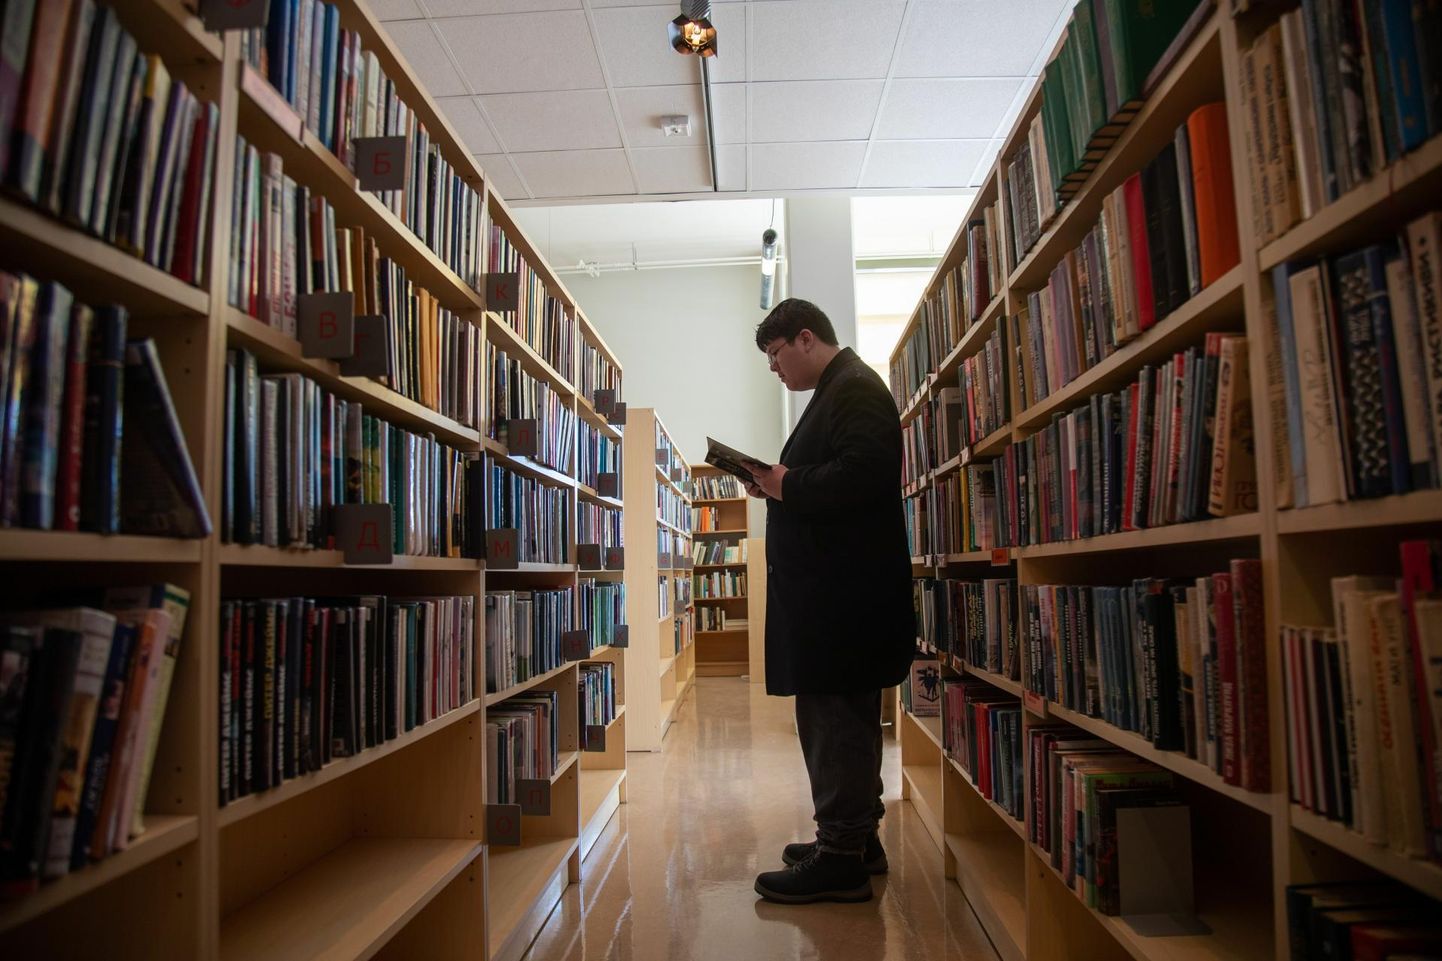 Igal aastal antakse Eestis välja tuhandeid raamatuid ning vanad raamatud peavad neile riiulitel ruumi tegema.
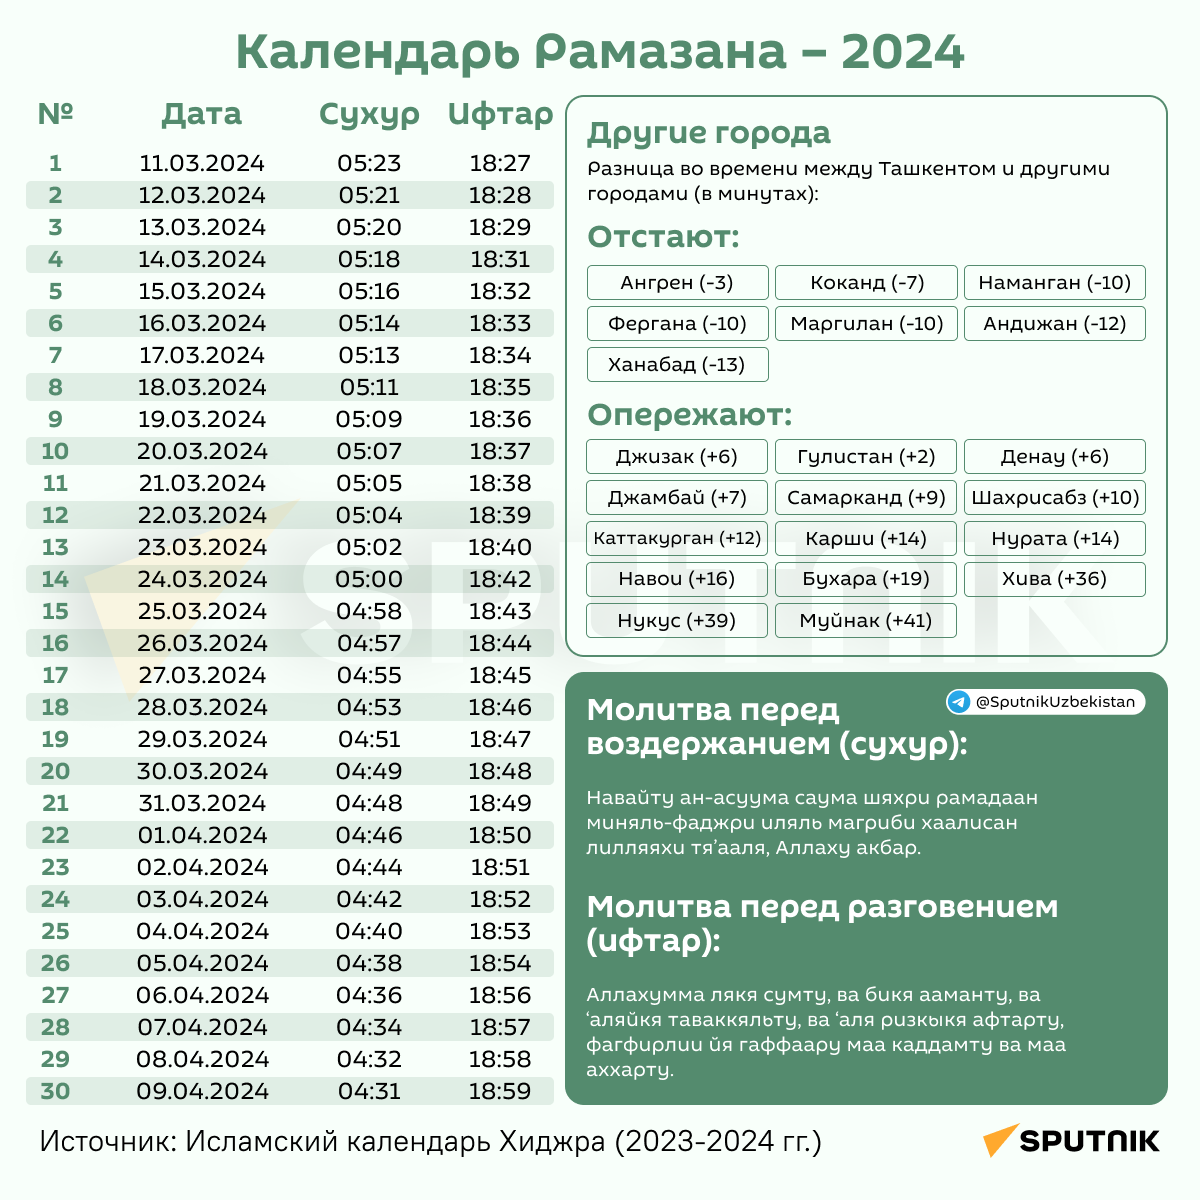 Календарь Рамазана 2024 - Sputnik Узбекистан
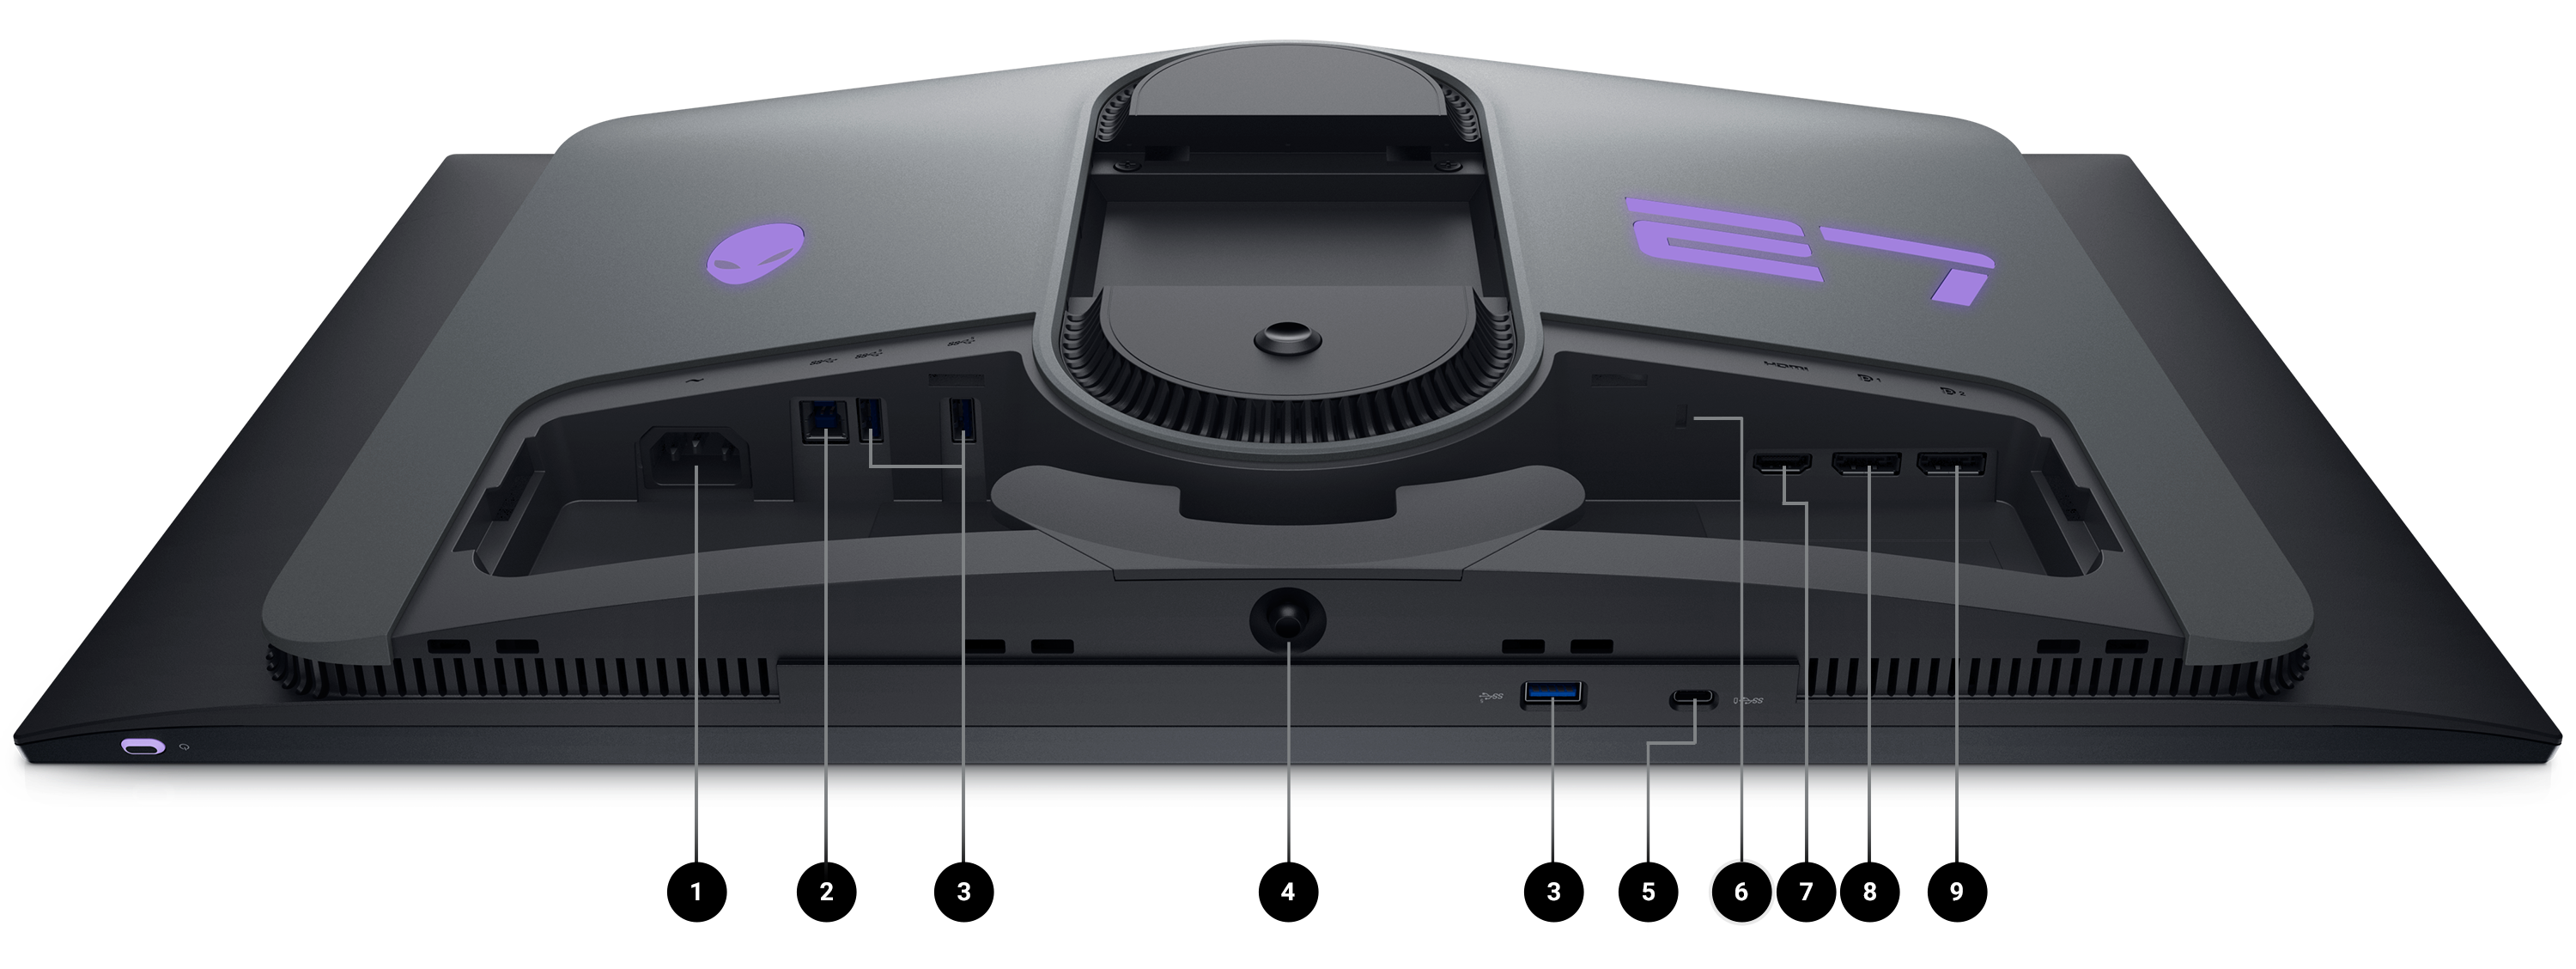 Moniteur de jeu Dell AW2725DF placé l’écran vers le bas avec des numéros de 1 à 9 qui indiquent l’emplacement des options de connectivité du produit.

§ §

## WORK TASK:
Reproduce every line above exactly, pictures excluded.

## ANSWER SECTION:
 Igal aastal antakse Eestis välja tuhandeid raamatuid ning vanad raamatud peavad neile riiulitel ruumi tegema.
 Календарь Рамазана 2024 - Sputnik Узбекистан
 Moniteur de jeu Dell AW2725DF placé l’écran vers le bas avec des numéros de 1 à 9 qui indiquent l’emplacement des options de connectivité du produit.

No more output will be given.